The core function of every CPU is made up of the following four simplified stages:
Fetches program instructions from RAM;
Decodes (or understands) them;
Executes them (carries them out);
Stores (in RAM) any results which are produced.
Comparing CPUs is not simple. Many different factors affect the performance of a CPU. We can look at the clock speed of the CPU (Usually measured in GHz), but we must also look at number of cores, amount of cache and, very importantly, the design or architecture of the CPU.
The main manufacturers of desktop, laptop and netbook CPUs are Intel and AMD. ARM and Intel are the min manufacturers of cell-phone CPUs.
There are many ways to compare CPUs. One way is to compare the architecture or design of the CPU.

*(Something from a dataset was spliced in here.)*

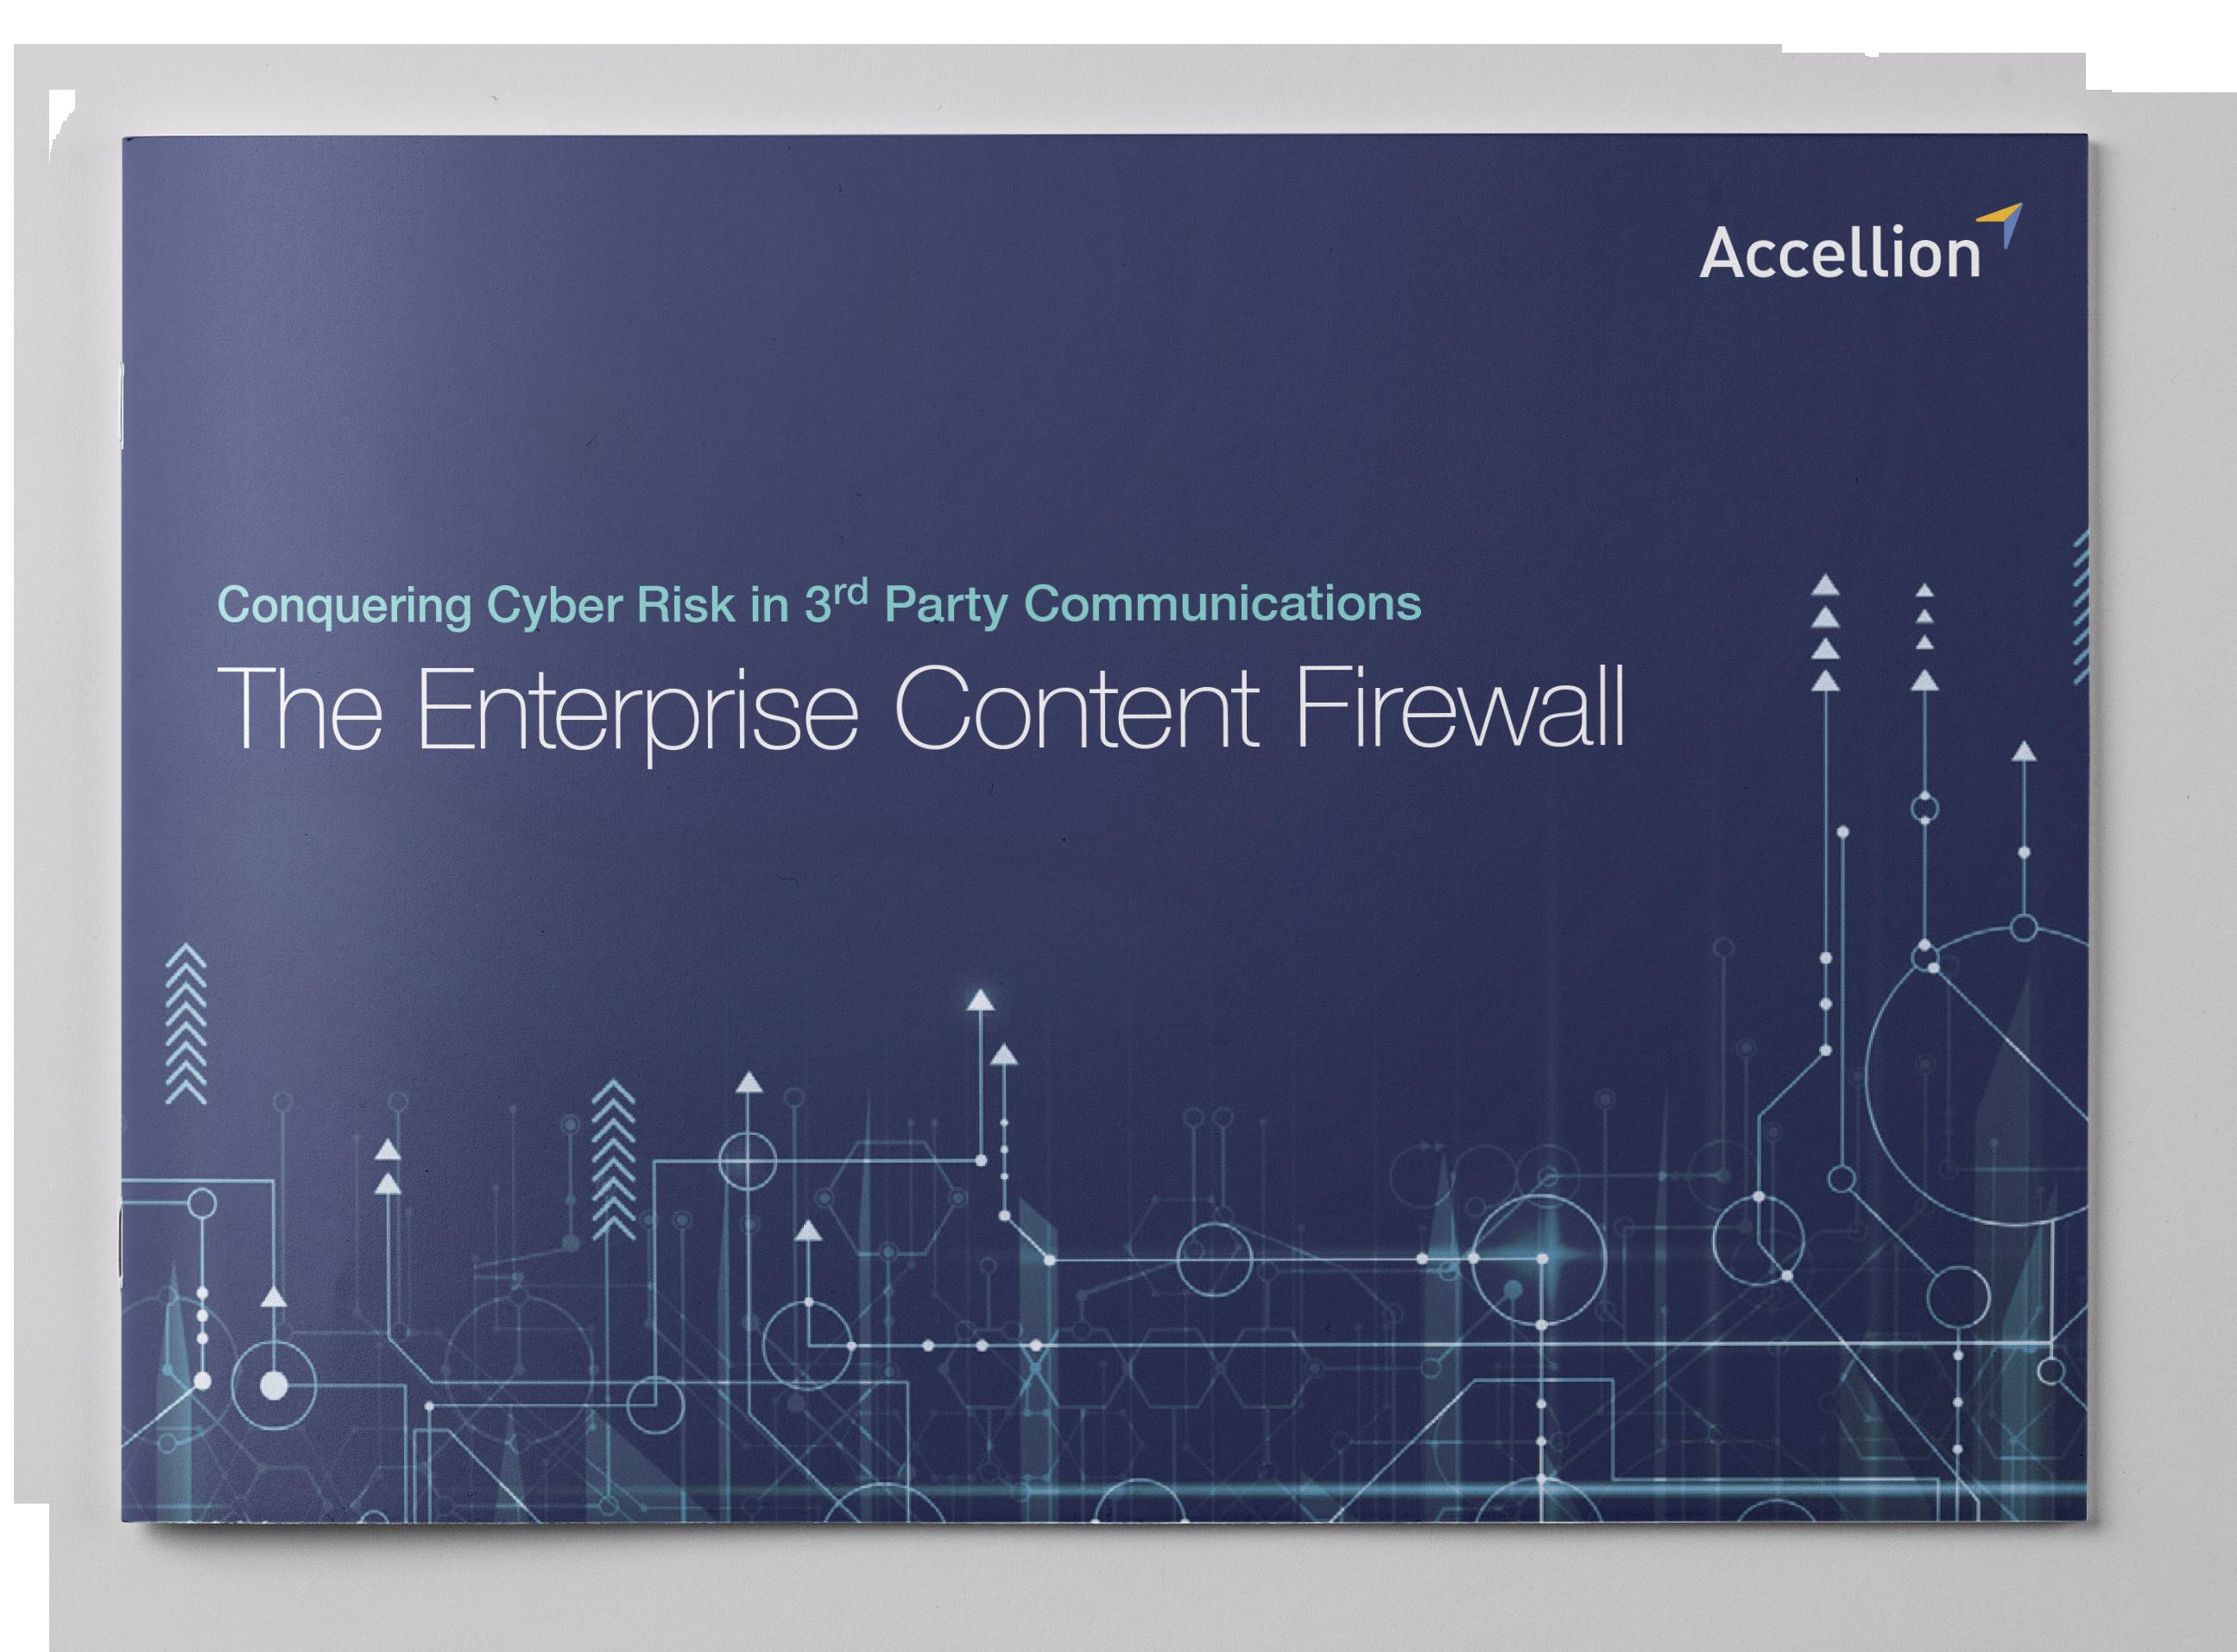 Accellion Enterprise Content Firewall

The internal architecture of a CPU has as much to do with a CPU's performance as the clock speed, so two CPUs with the same clock speed will not necessarily perform equally. Whereas an Intel 80286 microprocessor requires 20 cycles to multiply two numbers, an Intel 80486 or later processor can perform the same calculation in a single clock tick. (Note that clock tick here refers to the system's clock, which runs at 66 MHz for all PCs.) These newer processors, therefore, would be 20 times faster than the older processors even if their clock speeds were the same. In addition, some microprocessors are superscalar, which means that they can execute more than one instruction per clock cycle.[2]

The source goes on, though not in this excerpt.